Manipulating NAs in longitudinal data
05 Feb 2016 | web: Sam Clifford | github: samcliffordtags: r, dplyr, tidyr |
This snippet was motivated by a hack that Marcela Cespedes presented to BRAG on 4 February 2016. Sometimes a longitudinal data set, e.g. patient information, doesn’t have all subjects observed at all time points. Here’s a way of generating an index of patient IDs corresponding to non-missing response values which may be useful for analysis with JAGS.
We’ll make use of tidyr and dplyr to manipulate some simulated data.
library(tidyr)
library(dplyr)
n.r <- 30 # how many subjects
n.c <- 4 # how many sequential observations
N <- n.r*n.c
X <- matrix(rnorm(N), nrow = n.r, ncol=n.c)
head(X)
## [,1] [,2] [,3] [,4]
## [1,] -0.53875996 -3.0091503 -0.4308401 0.5664380
## [2,] -0.48297471 -0.7620471 0.5479946 0.9791881
## [3,] 0.74274548 -0.1197123 0.4201759 0.2228831
## [4,] -0.70594150 -0.6380808 -0.7879914 -1.4294160
## [5,] -1.07686357 0.3279826 -0.9131584 -1.7212478
## [6,] -0.03247079 0.1207207 0.6485075 -0.3668982
Now we simulate missingness at random
X[sample(1:N, size = N/4)] <- NA
head(X)
## [,1] [,2] [,3] [,4]
## [1,] -0.53875996 -3.0091503 NA 0.5664380
## [2,] -0.48297471 -0.7620471 NA 0.9791881
## [3,] 0.74274548 -0.1197123 0.4201759 0.2228831
## [4,] -0.70594150 -0.6380808 -0.7879914 NA
## [5,] -1.07686357 0.3279826 NA -1.7212478
## [6,] -0.03247079 0.1207207 0.6485075 -0.3668982
Now that we’ve simulated some missing data, we’ll reshape the data from wide to long format, making a new ID column to ensure that we are able to keep track of whose observations these are. We also convert the time information from strings with “X” in them to numbers, sort the remaining data frame by ID rather than time and filter out all the rows with missing value values.

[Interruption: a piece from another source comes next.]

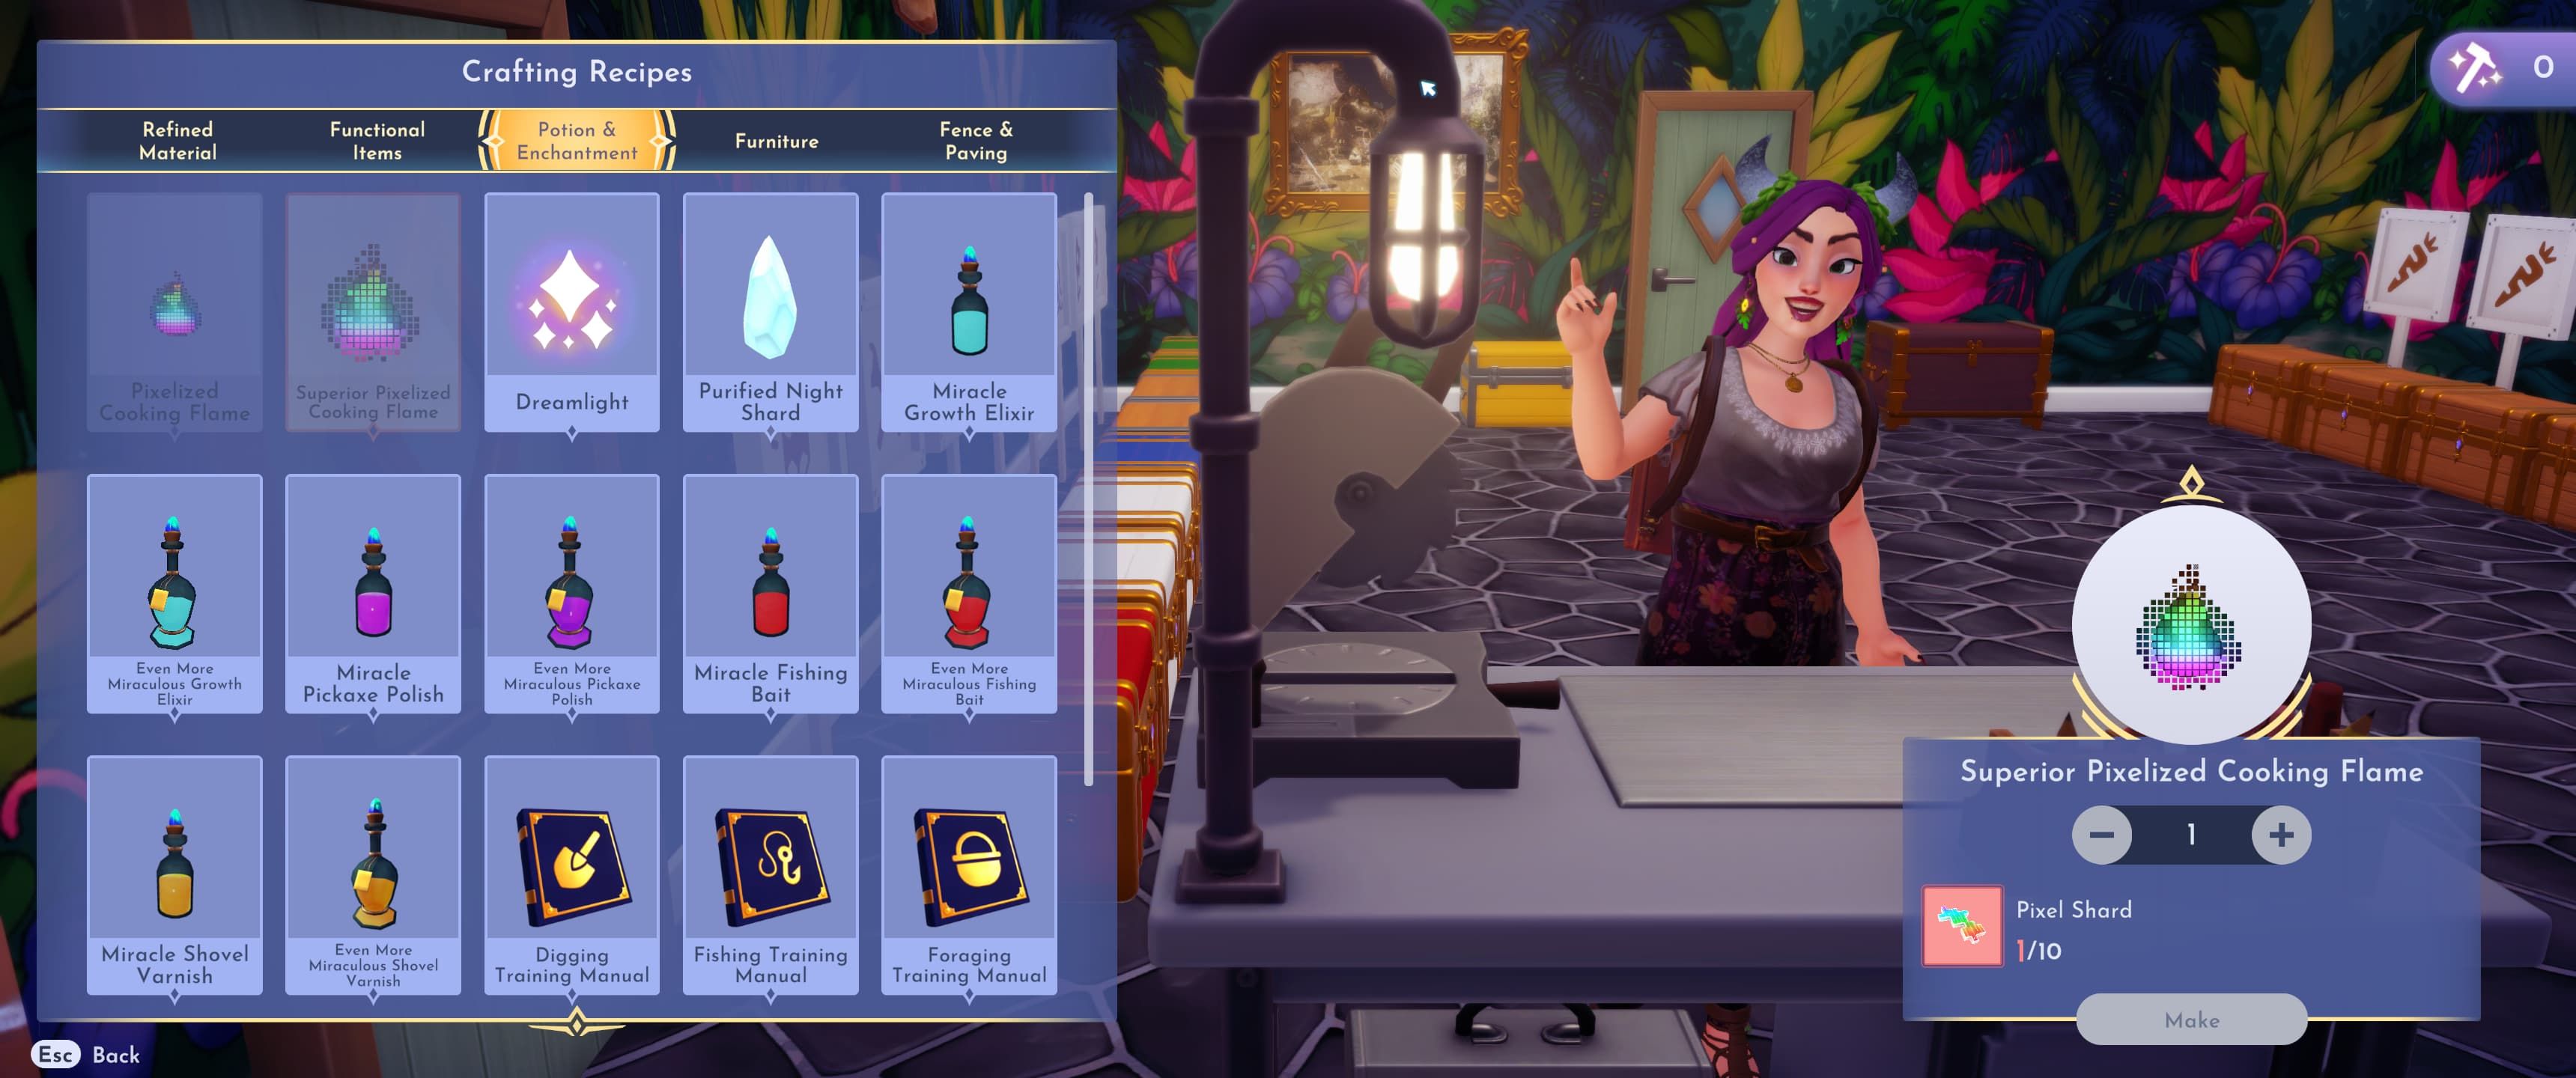 Ricetta delle Fiamme da Cucina Pixelate in Disney Dreamlight Valley multiplayer.
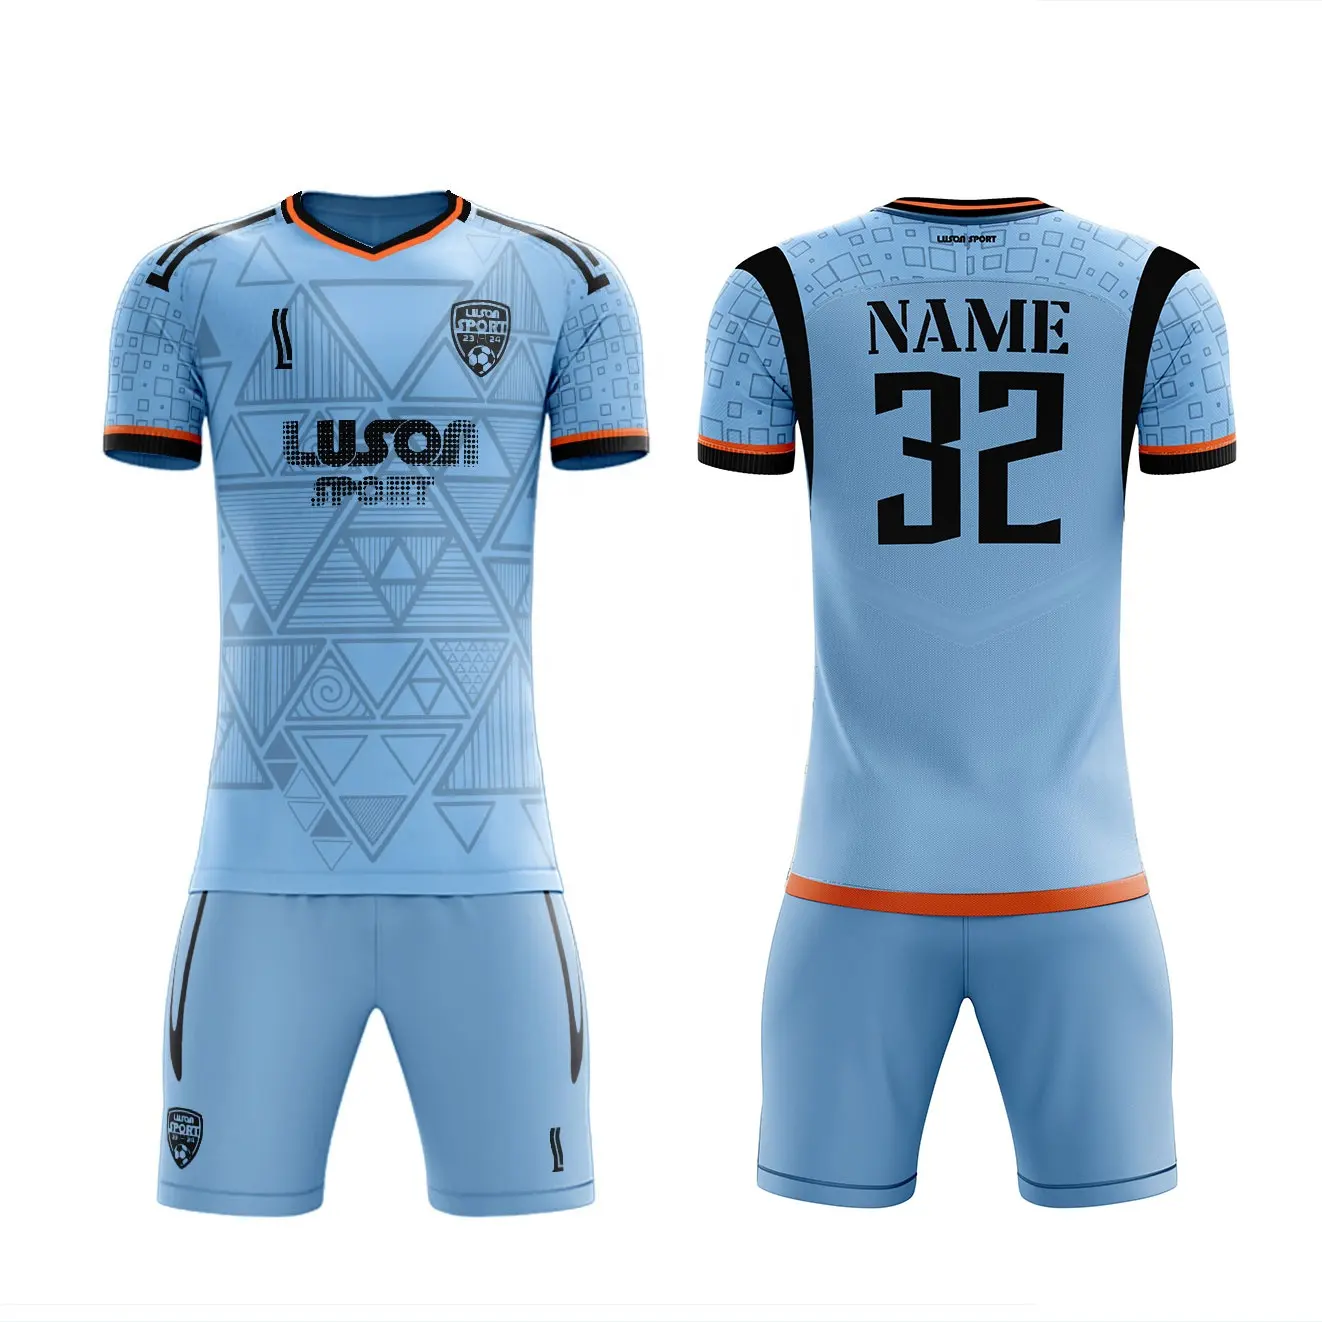 Luson Premium Quick Dry Soccer Wear Tailândia Camisetas Uniforme Equipe de Futebol Sublimação Futebol Jersey Soccer Jersey

non_missing_data <- data.frame(X, ID=1:n.r) %>%
gather("time", "value", -ID) %>%
mutate(time = extract_numeric(time)) %>%
arrange(ID) %>%
filter(!is.na(value))
If we now wanted a vector of indices that tells us about the IDs for the non-NA values, we could select the ID column
select(non_missing_data, ID) %>% head(10)
## ID
## 1 1
## 2 1
## 3 1
## 4 2
## 5 2
## 6 2
## 7 3
## 8 3
## 9 3
## 10 3
If instead we wanted an object of length n.r which tells us how many observations correspond to each patient, rather than which observation corresponds to each patient,
patient_counts <- group_by(non_missing_data, ID) %>%
summarise(n = n())
patient_counts %>% select(n)
## Source: local data frame [30 x 1]
##
## n
## (int)
## 1 3
## 2 3
## 3 4
## 4 3
## 5 3
## 6 4
## 7 2
## 8 3
## 9 4
## 10 4
## .. ...
We can then convert this into a data frame with start and endpoints
patient_counts %>%
mutate(end = cumsum(n),
start = 1 + c(0, end[2:length(ID) - 1])) %>%
select(ID:n, start, end)
## Source: local data frame [30 x 4]
##
## ID n start end
## (int) (int) (dbl) (int)
## 1 1 3 1 3
## 2 2 3 4 6
## 3 3 4 7 10
## 4 4 3 11 13
## 5 5 3 14 16
## 6 6 4 17 20
## 7 7 2 21 22
## 8 8 3 23 25
## 9 9 4 26 29
## 10 10 4 30 33
## .. ... ... ... ...
The first solution is probably conceptually the simplest way to store the data for inclusion in a JAGS model, whereas the second index vector will be shorter and potentially simpler to inspect visually when the number of observations per subject is large. The third solution builds on this and gives a column, start, which can be used as left endpoints of index ranges, and the same for the end column as the right endpoints.